Expanding Clinical Pipeline and Regulatory Pathway
Patient recruitment in the I-SPY 2 Endocrine Optimization Pilot Analysis, evaluating combination therapy of 40 mg (Z)-endoxifen with Eli Lilly's abemaciclib, continues at a faster rate than anticipated, with 41 patients initiated as of July 29, 2025.
Atossa continues to evaluate (Z)-endoxifen in two additional Phase 2 trials: one in women with ductal carcinoma in situ (DCIS) and another in women with ER+/HER2- breast cancer. The company is prioritizing development for metastatic breast cancer treatment, where novel therapeutic options are urgently needed.
Key upcoming milestones include announcement of the Contract Research Organization selected to execute the metastatic dose-ranging study, disclosure of dose-ranging trial design including patient selection criteria and combination treatment backbone, and targeting IND submission in Q4 2025 in alignment with FDA Project Optimus initiative feedback.
Intellectual Property Portfolio Expansion
Atossa's intellectual property position has been strengthened with the issuance of U.S. Patent No. 12,281,056 in mid-May 2025, containing 58 claims relating to enteric oral formulations of (Z)-endoxifen, including features of improved purity, stability, and bioavailability.
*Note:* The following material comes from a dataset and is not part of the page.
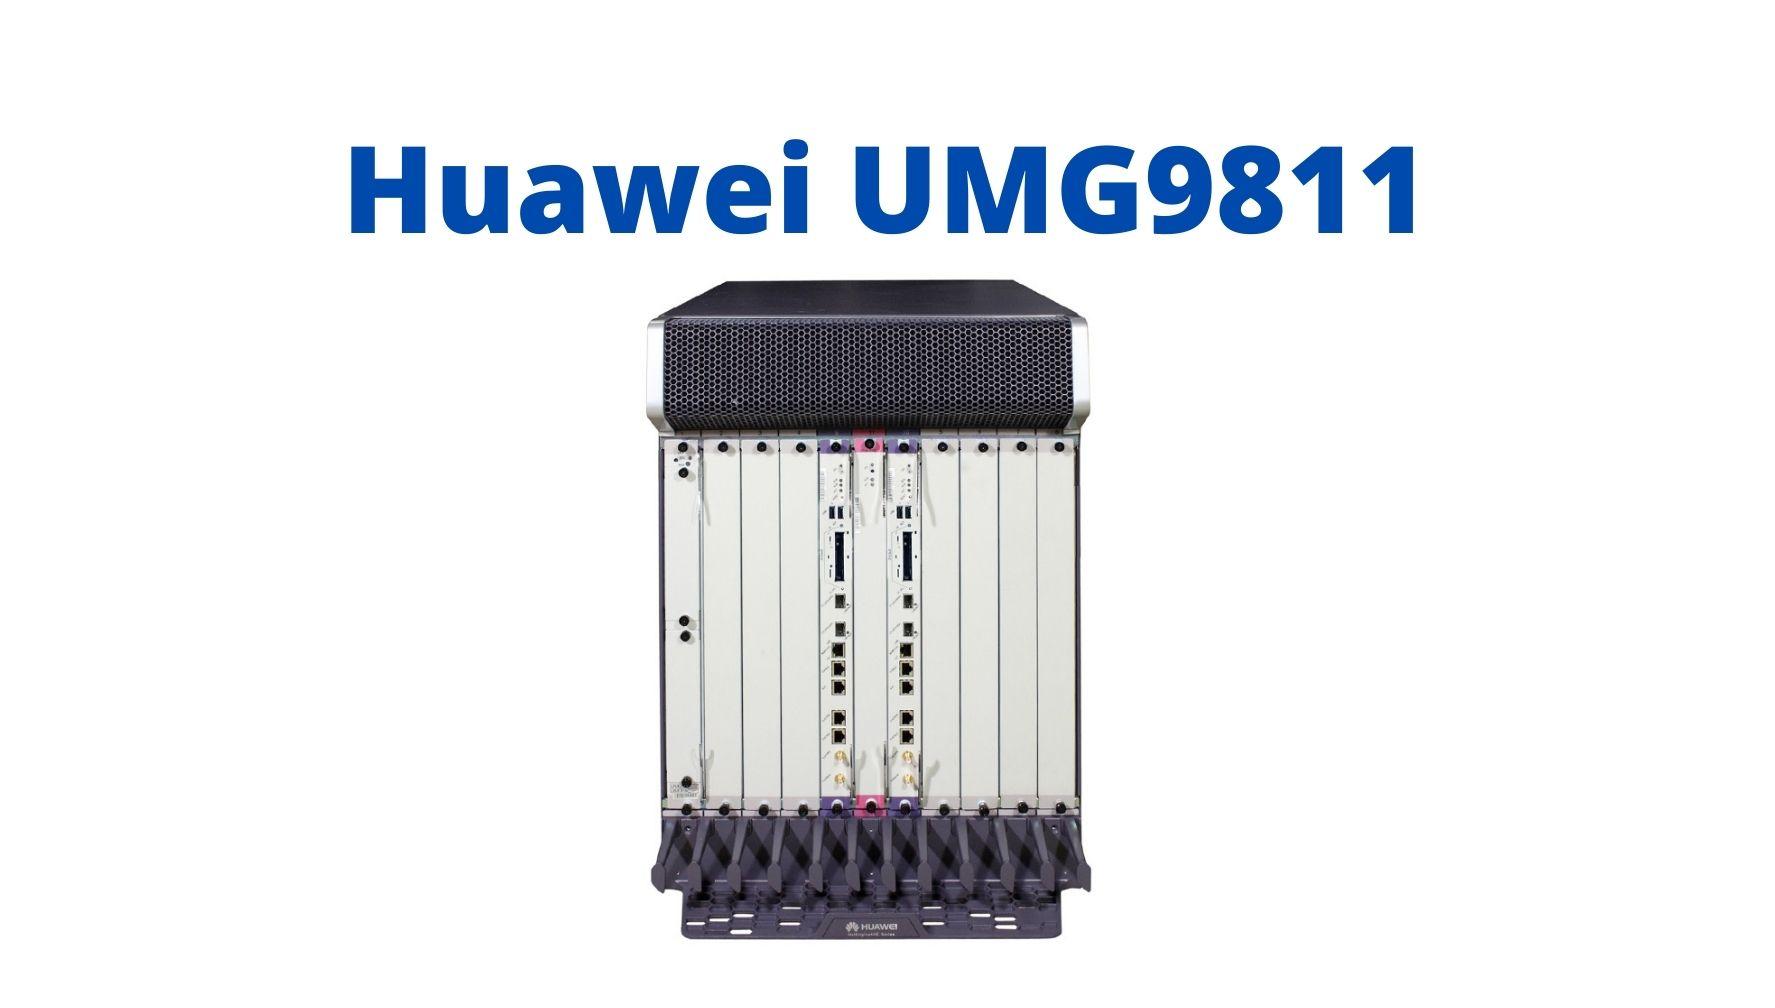 Huawei UMG9811
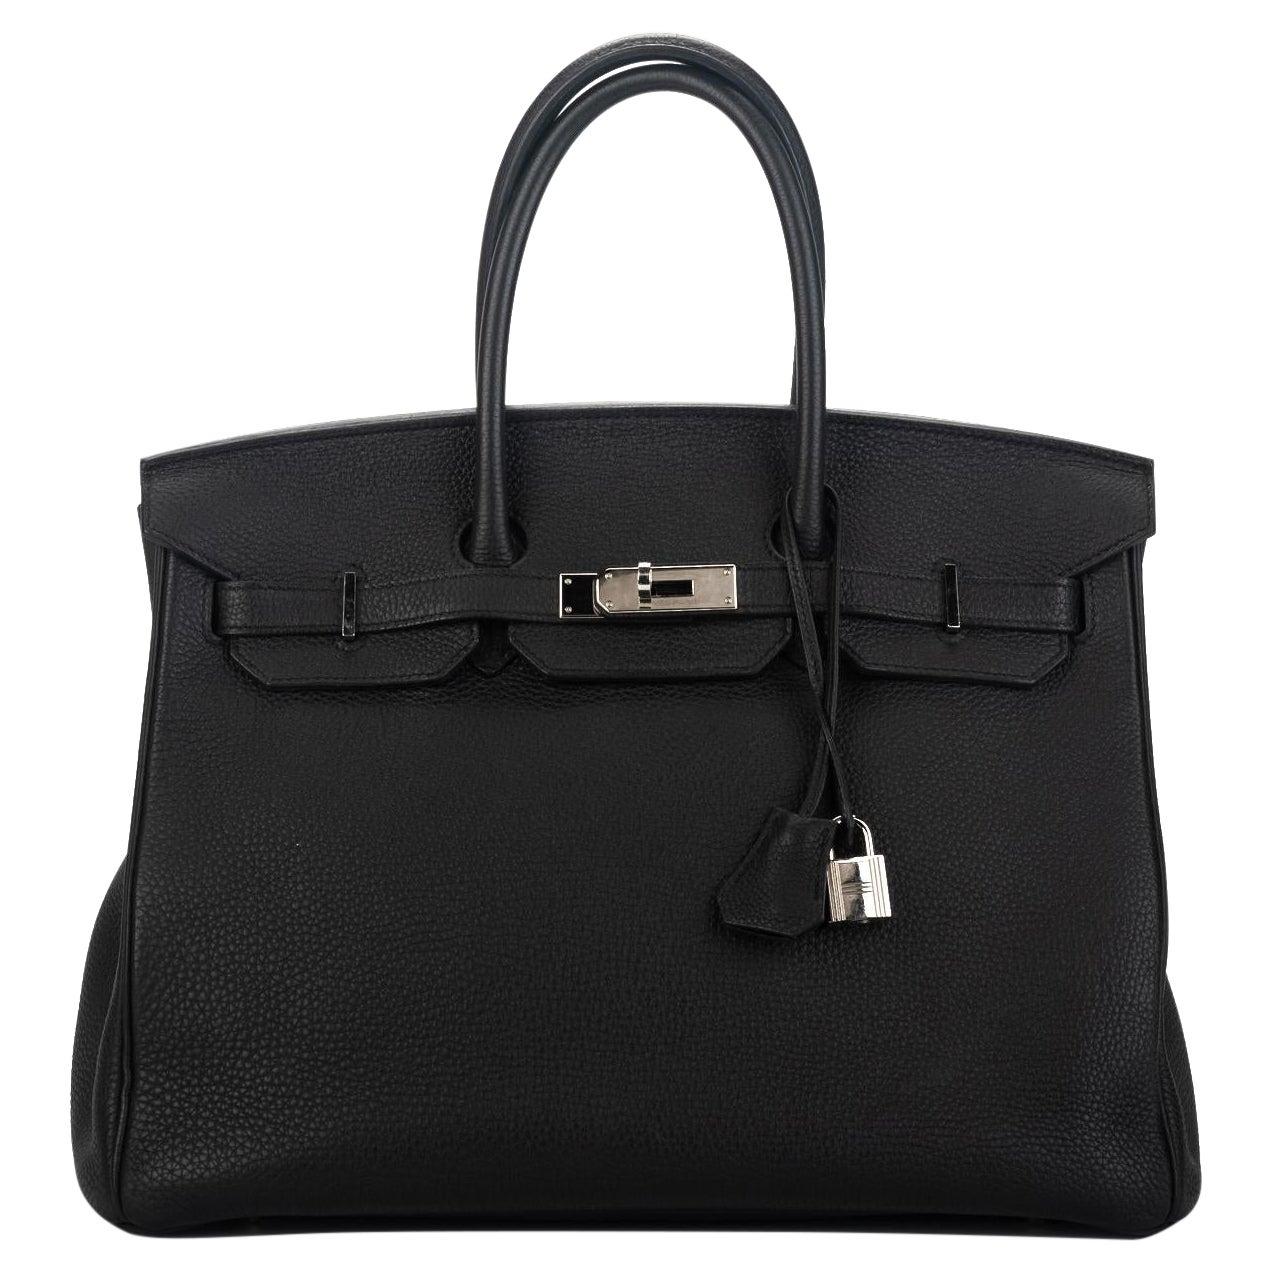 Hermes Birkin 35 Black Togo Palladium Bag

The company holds four additional issued U.S. patents with claims to endoxifen—U.S. Patent Nos. 11,680,036, 12,201,591, 12,275,684, and 12,281,056—with over 200 total claims covering proprietary manufacturing methods, stable crystalline forms, and multiple sustained-release and enteric oral formulations of (Z)-endoxifen. While two patents are currently subject to post-grant challenges, the majority of Atossa's intellectual property remains unaffected.